Bushfires and Trash

Attended a debrief on the bushfires today. Everyone was there. CFA, SES, NGOs, DHS, DPI et al. What are the main things that went wrong? Communications. Lack of role clarity - agencies not knowing what their role was, and the coordinators not knowing either. And handling the public response. Stories from the agency people at the front line about "so much trash". Old toys. Unwearable clothes. Unsuitable items (lanwmowers! - think about it). Broken stilletos. [I suggested unbroken stilletos would be fine, of course]

Everyone says we need to change the public response. It feels like holding back the tide. But there is hope. 20-30 years ago everyone expected overseas aid agencies to ship actual goods in response to a disaster overseas. I remember chartering planes (or part of their cargo space at least) from Melbourne to other points of the globe. No-one does that now, and if anyone suggested that a World Vision or an Oxfam do it, they would be politely refused. So, consistent action by agencies over time, will change public behaviour. We need to be all saying, "Take your goods to your front driveway. Have a garage sale. Send the cash."

Another interesting phenomenon was donations that turned out to be not donations. Sometimes local people used their initiative to organise things to be delivered on a commercial basis. Except no-one knew there would be a bill until it arrived weeks later. You could hardly expect the locals to pay it, so the government ends up wearing the cost (our taxes at work).
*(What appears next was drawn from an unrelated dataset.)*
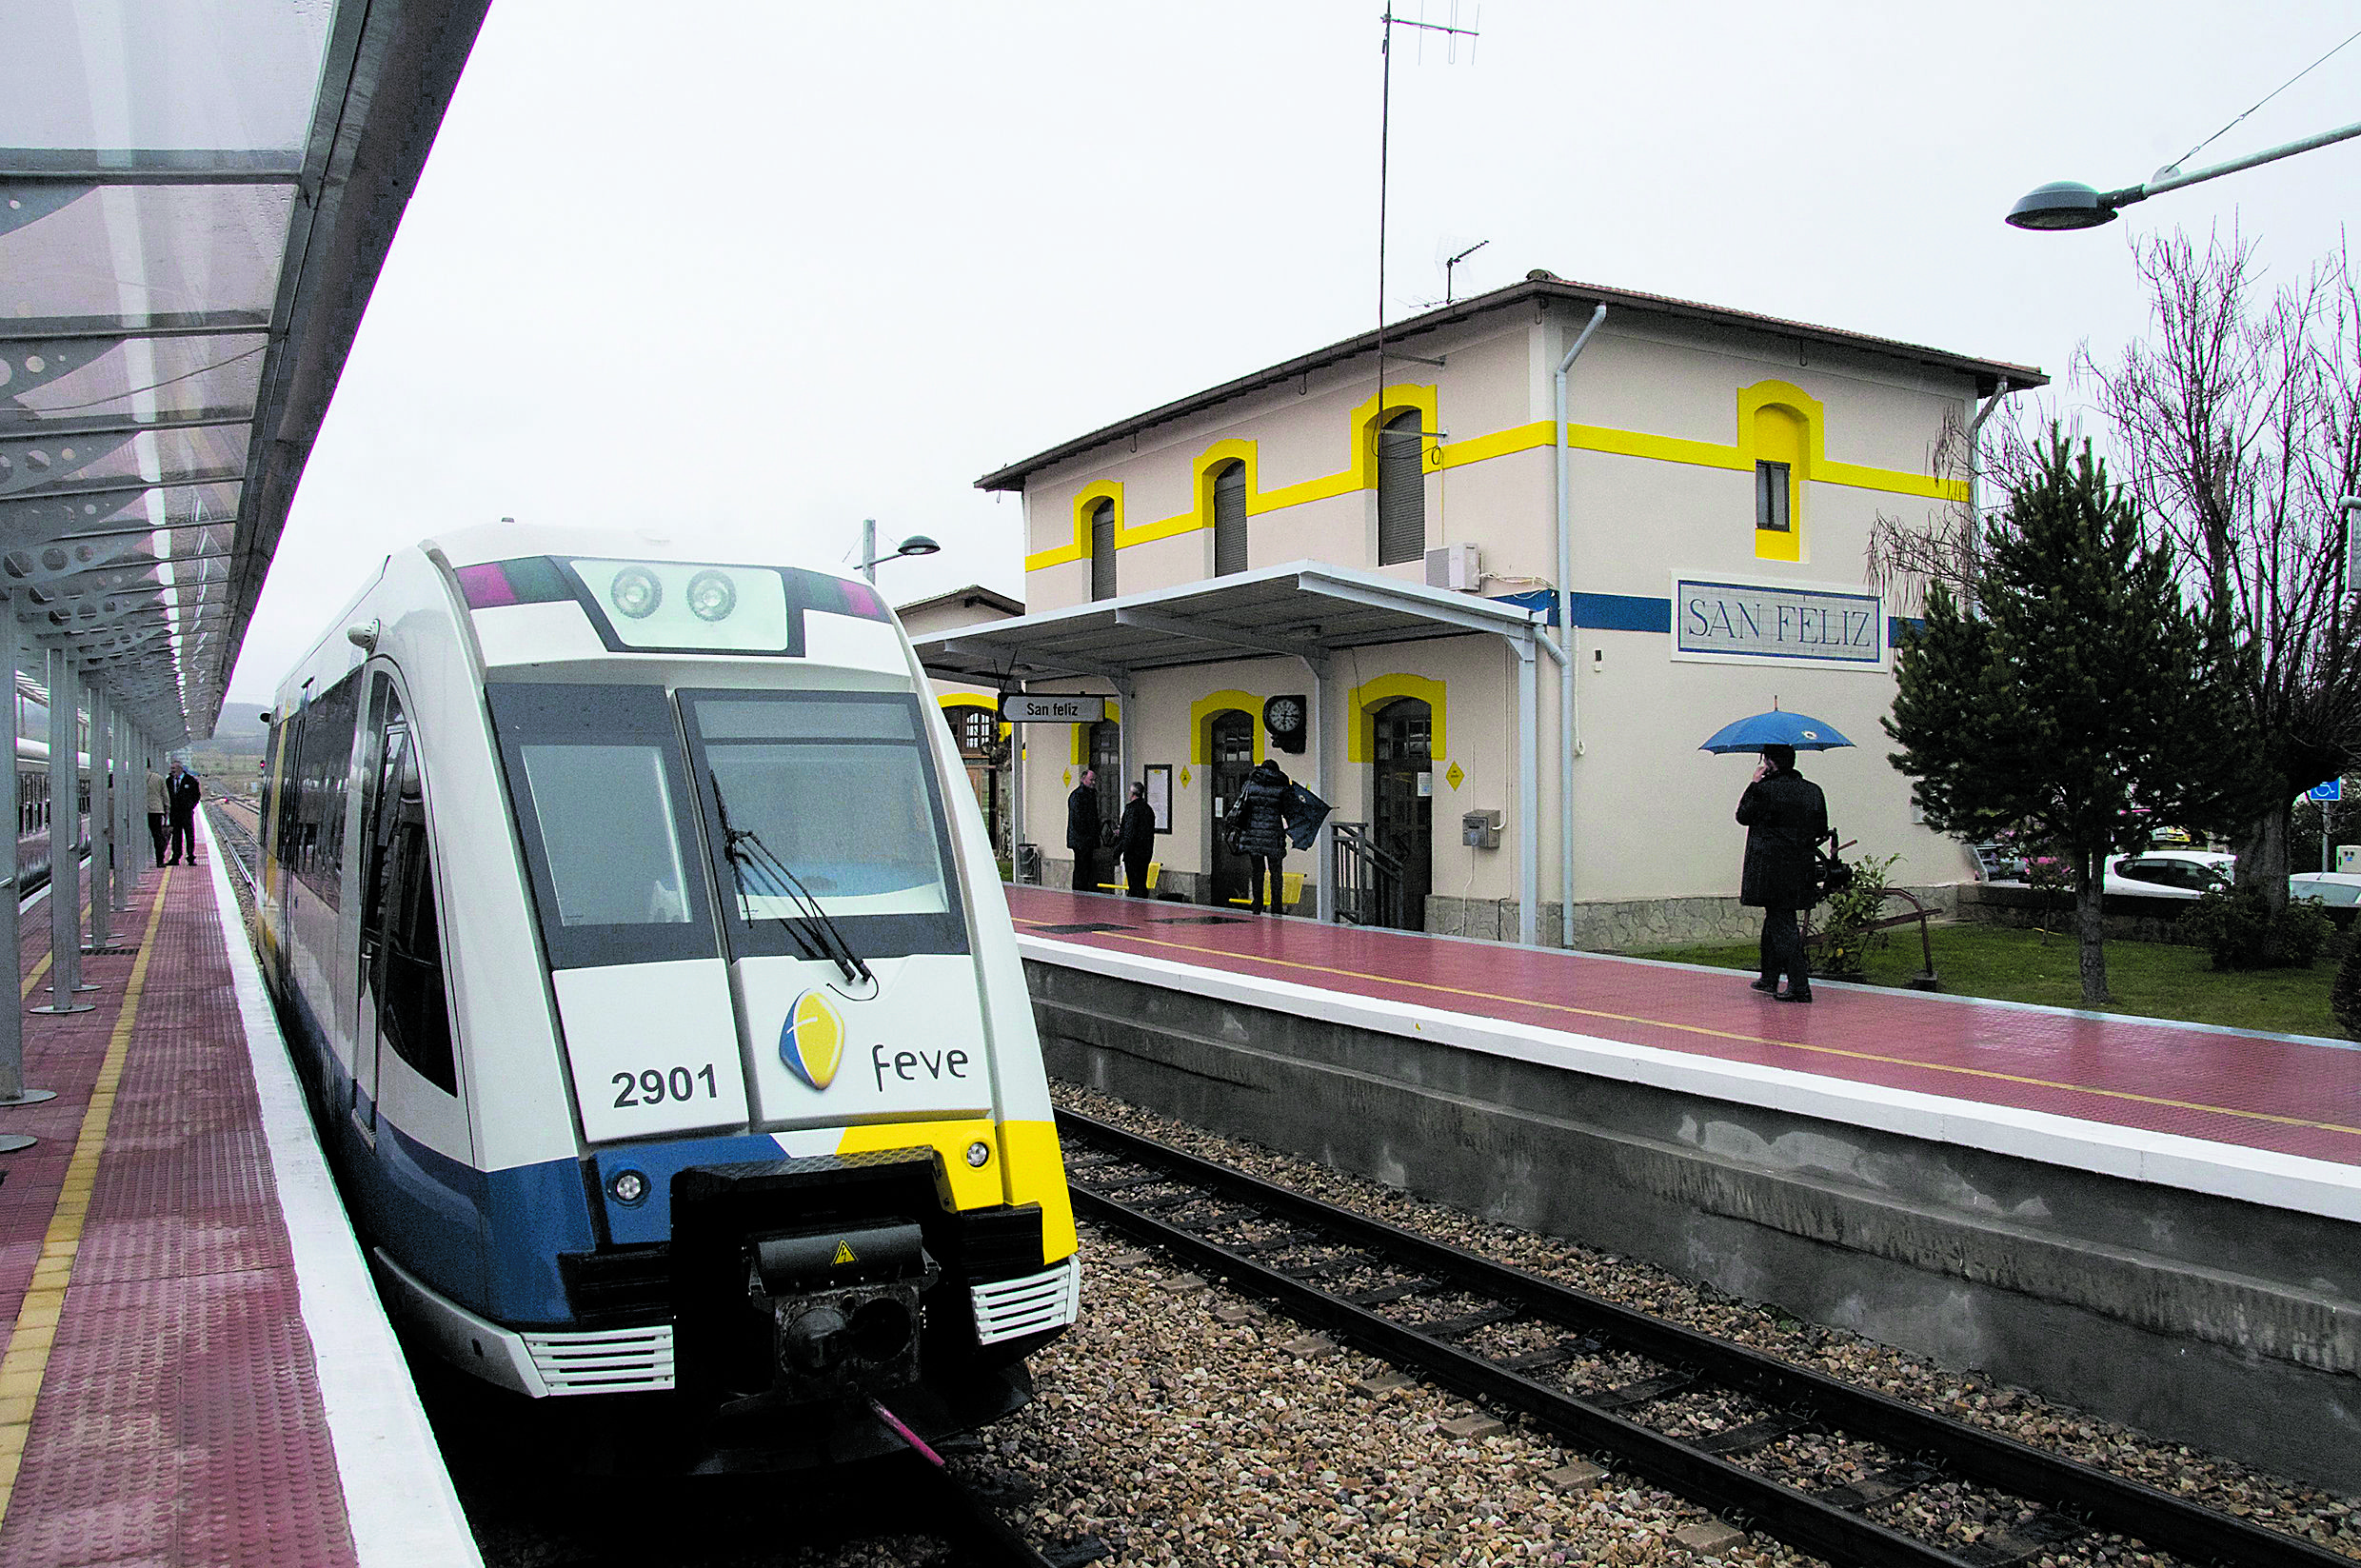 La estación de San feliz de Torío es una de las paradas por la provincia en el trayecto del Tren de la Robla, conocido también como el Hullero. | MAURICIO PEÑA

Not necessarily the most cost-effective way to do it. And some suspicions about the intentions of the suppliers sometimes.
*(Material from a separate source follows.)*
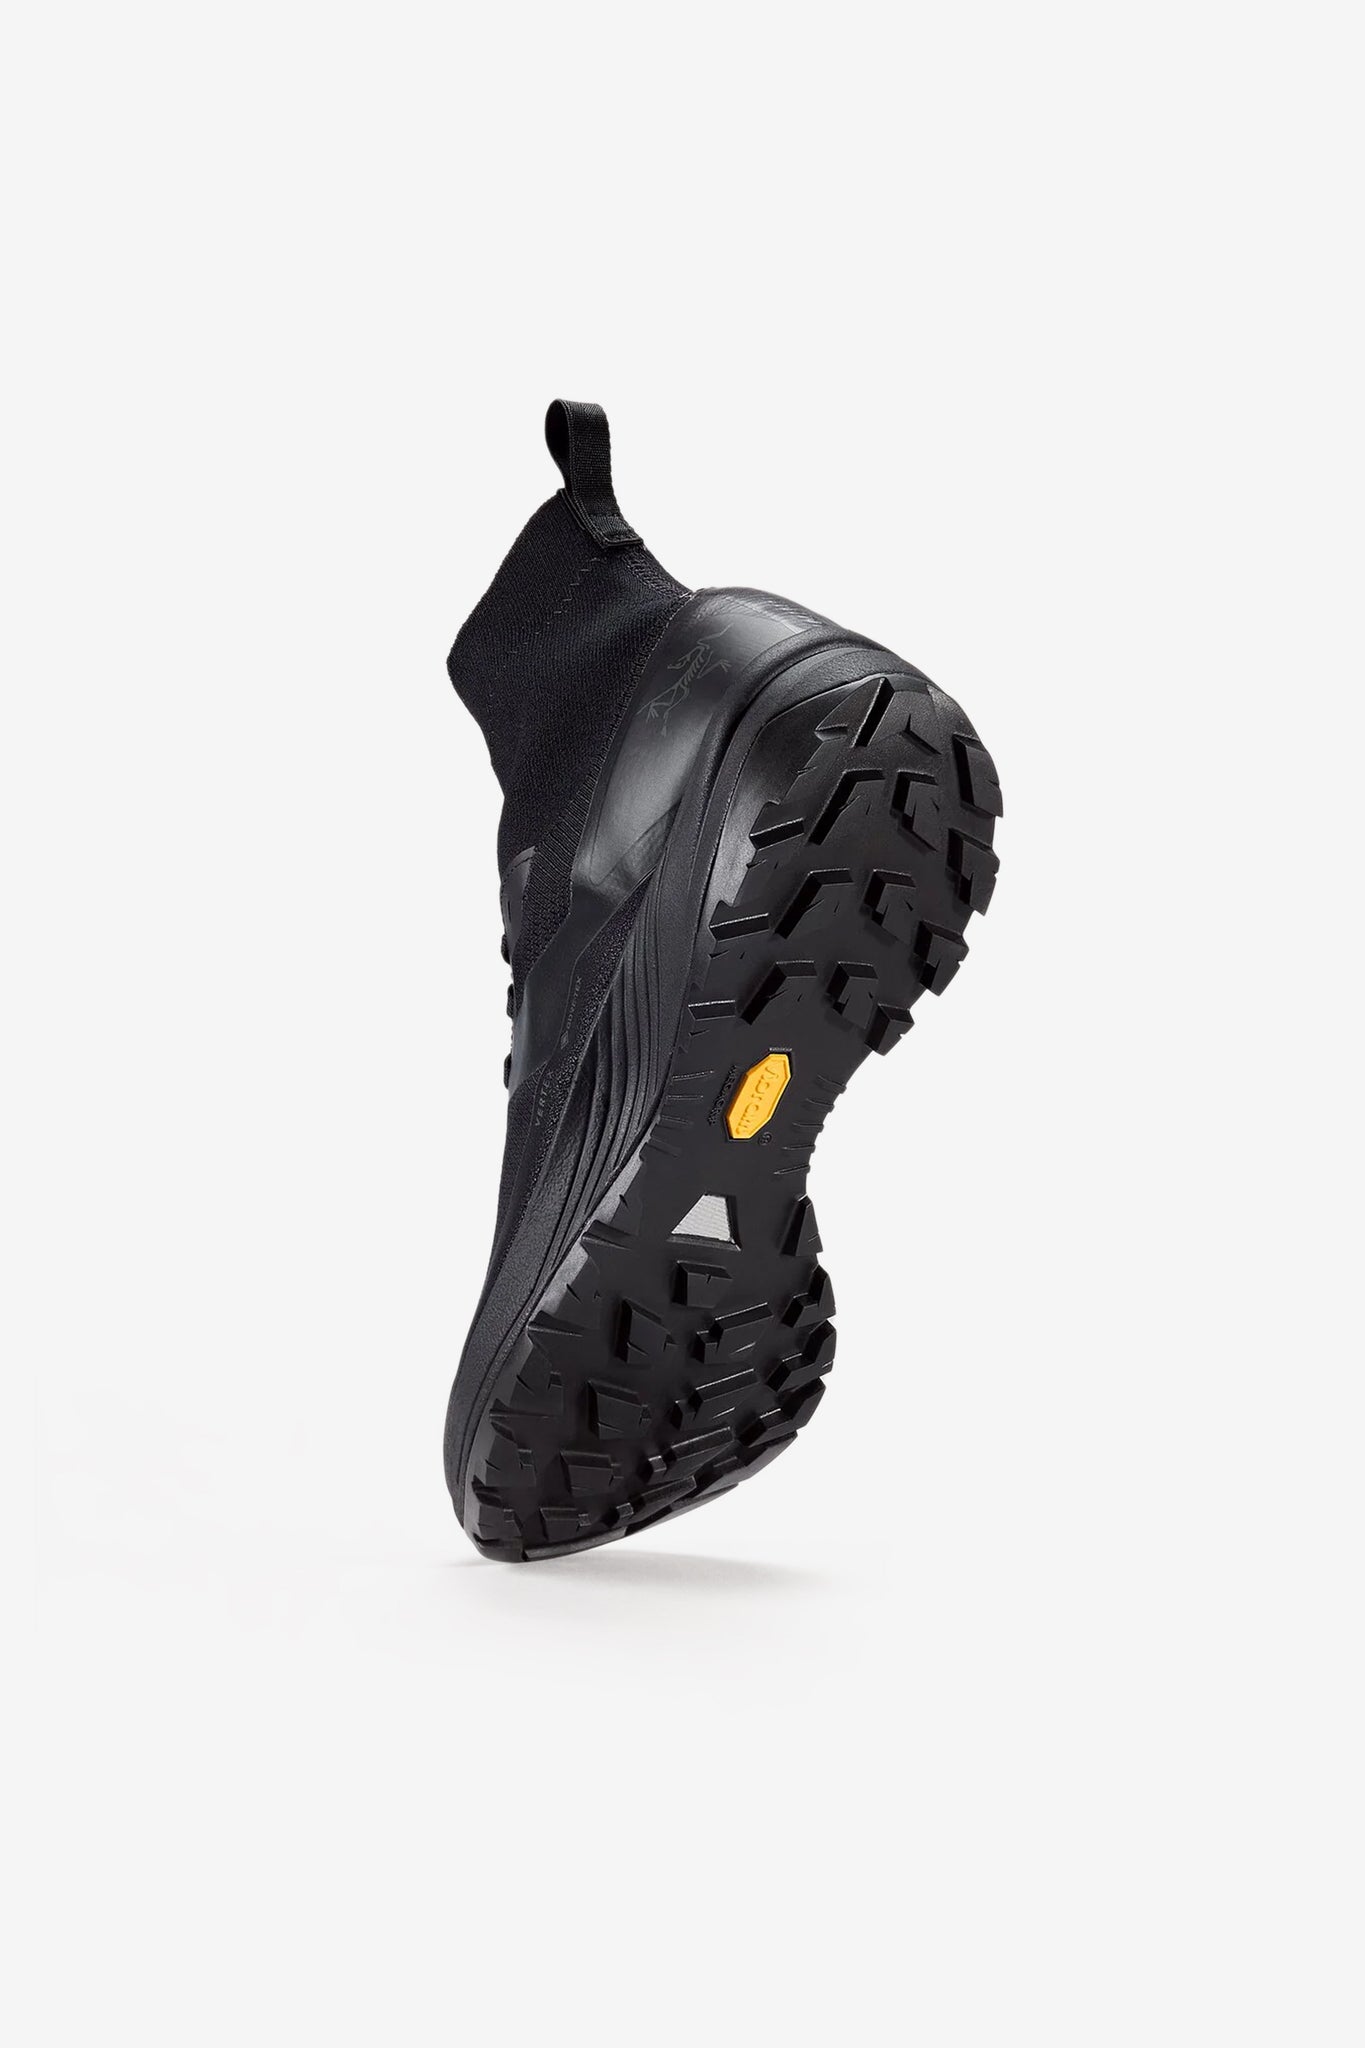 Arc'teryx Unisex Vertex GTX Shoe in Black/Black

But there is good stuff too. The public response, however misguided, is a phenomonally good thing. The ability of DHS to adapt to the crisis is impressive. Goes against the common perception of how quick the public service can change. The decision to have case managers was made and rolled out (if not completely) within a week or so. Premier Brumby and PM Rudd both showed good leadership and a willingness to sit with the communities and listen more than talk.